# 1st Homework - data visualisation and web scraping (deadline October 18th)

  * In this homework you should download (*scrape*) data from the web, process it and visualise.
  * The objective is to download data from server https://www.psp.cz/en/sqw/hlasovani.sqw?o=8 regarding voting in the Chamber of Deputies of the Parliament of the Czech Republic, save it in a tabular form and create visualisations, which make exploration of the data easier and show interesting information about it.

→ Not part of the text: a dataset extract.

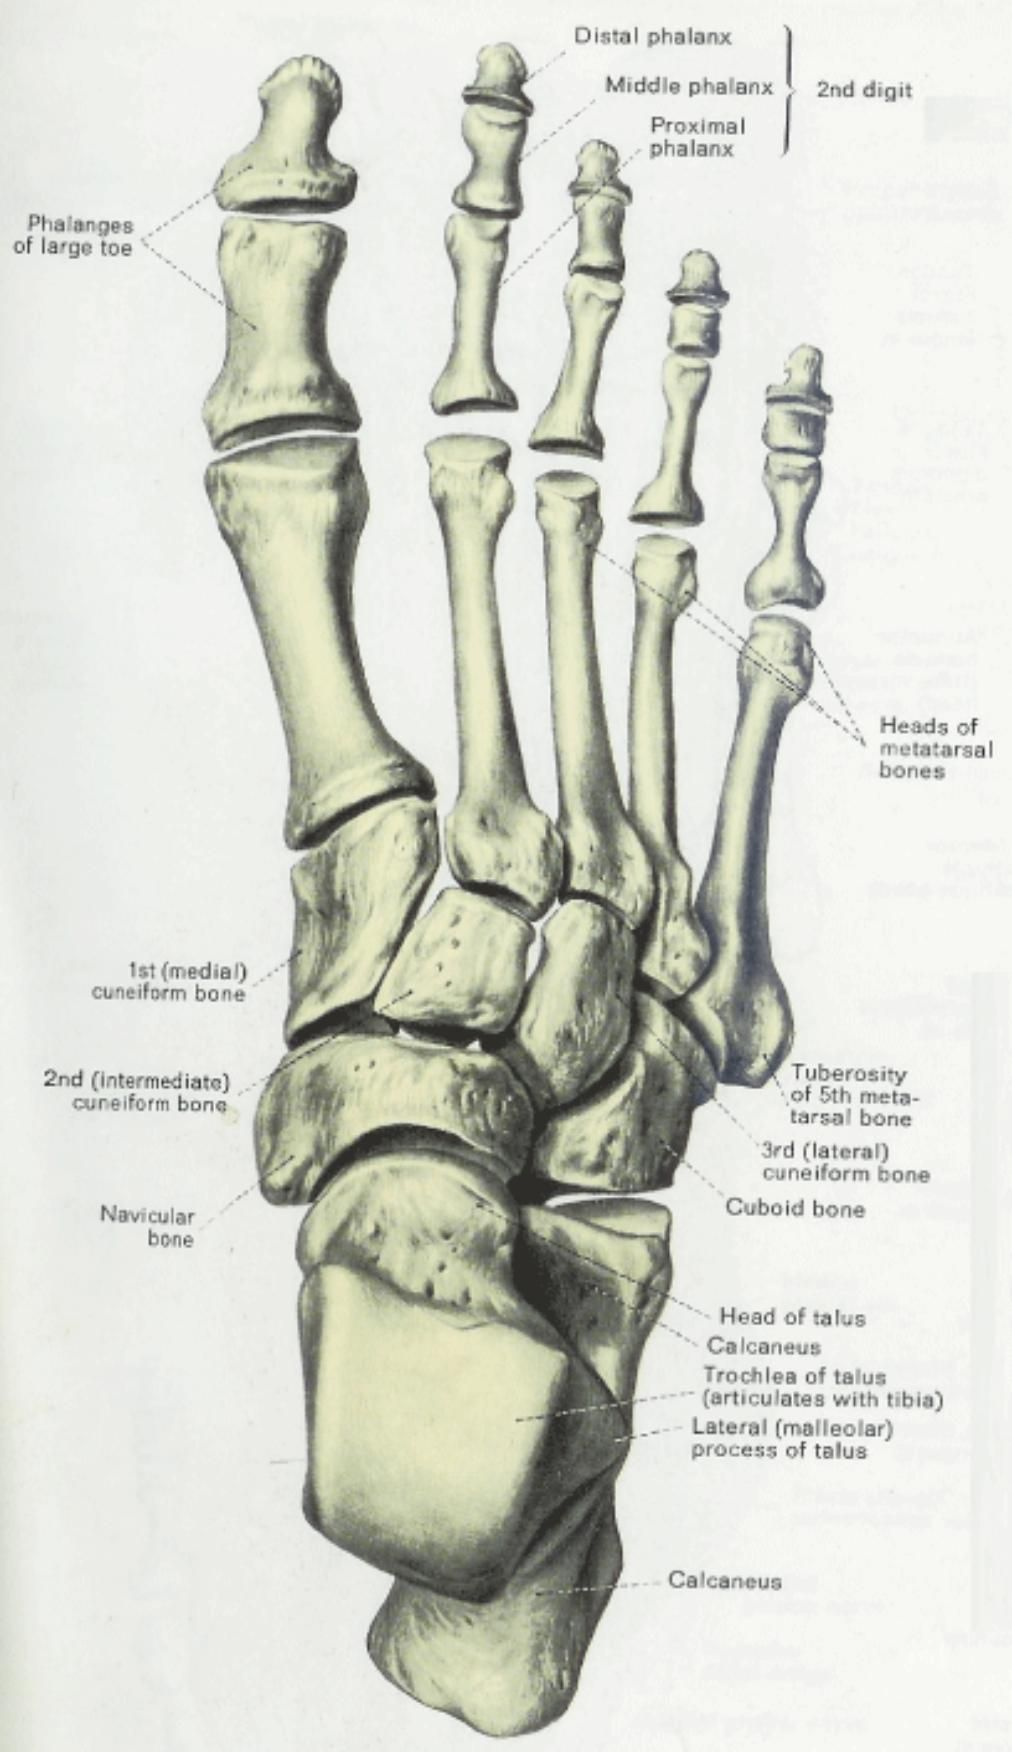 anatomy physiology illustration [ 1012 x 1752 Pixel ]
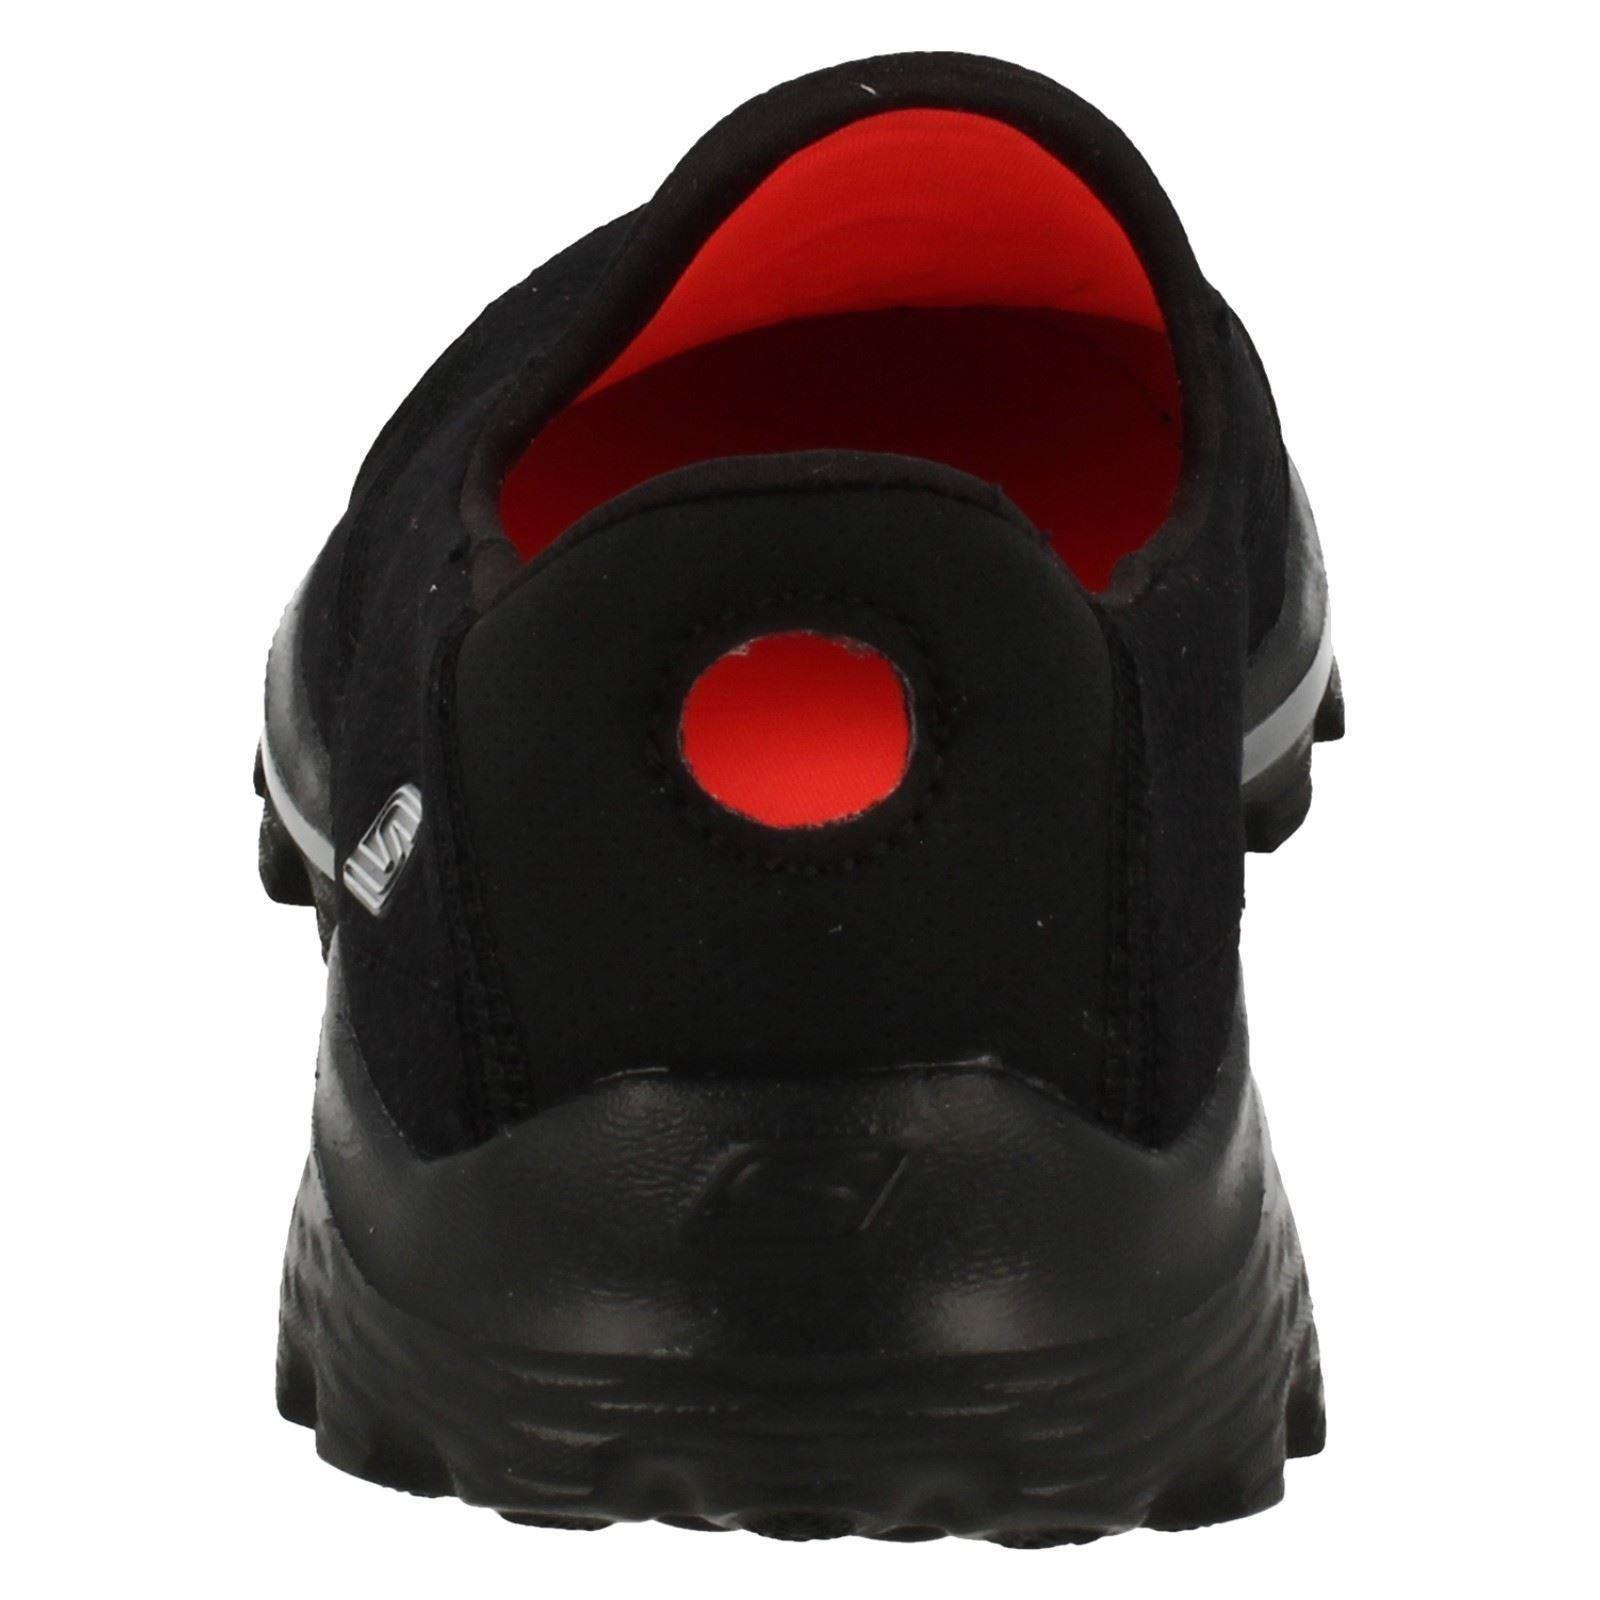 Skechers Go Walk 2 Informales Bombas Bombas Bombas De Las Señoras-Lineal 13597 22a412

> **Unfortunately, the web page is only in Czech. However, it should be possible to navigate it. Please contact your tutorial teacher in case of any questions.**

## Data

 * Download data from all votings of the current Chamber of Deputies (since 2017). Download details of voting of particular deputies.
 * Data should contain basic information about the voting - number of meeting, number of voting, point of the meeting and date.

## Instructions

> **Homework is assigned in a way that you have space for invention. Thinking of the _exact solution path_ is part of the assignment. Originality will be taken into account in the evaluation.**

**Basic points of the assignment (8 points)**:
  * Write Python script for downloading data. Download the data and save it in a suitable machine-readable format.
  * **Wait at least 1 second between two consecutive requests to the server, to not overload it.**
  * In the second part of the notebook, work with the data loaded from a local file. File(s) with downloaded data should be submitted as well (so the reviewer do not have to download the data again).
  * Create visualisations to show the following:
    * Deputies changing their parliamentary clubs.
    * Attendance of individual deputies in the votings. Attendance of parliamentary clubs in the votings.
    * How often individual parliamentary clubs vote the same and different.
    * Are deputies in the same parliamentary club voting the same? Who are the biggest rebels?

**Further points of assignment**, each for 2 points (maximum for the homework is 12):
  * Visualise some time development in the data (e.g. attendance, change of agreement in voting among individual parliamentary clubs, etc.)
  * Find individual deputies who have the most similar voting or attendance.
  * Try to find particular voting, where deputies voted the most differently than traditionally.
  
## Tips and tricks
  * Import libraries at the beginning of the notebook, or the beginning of scraping and visualisation parts.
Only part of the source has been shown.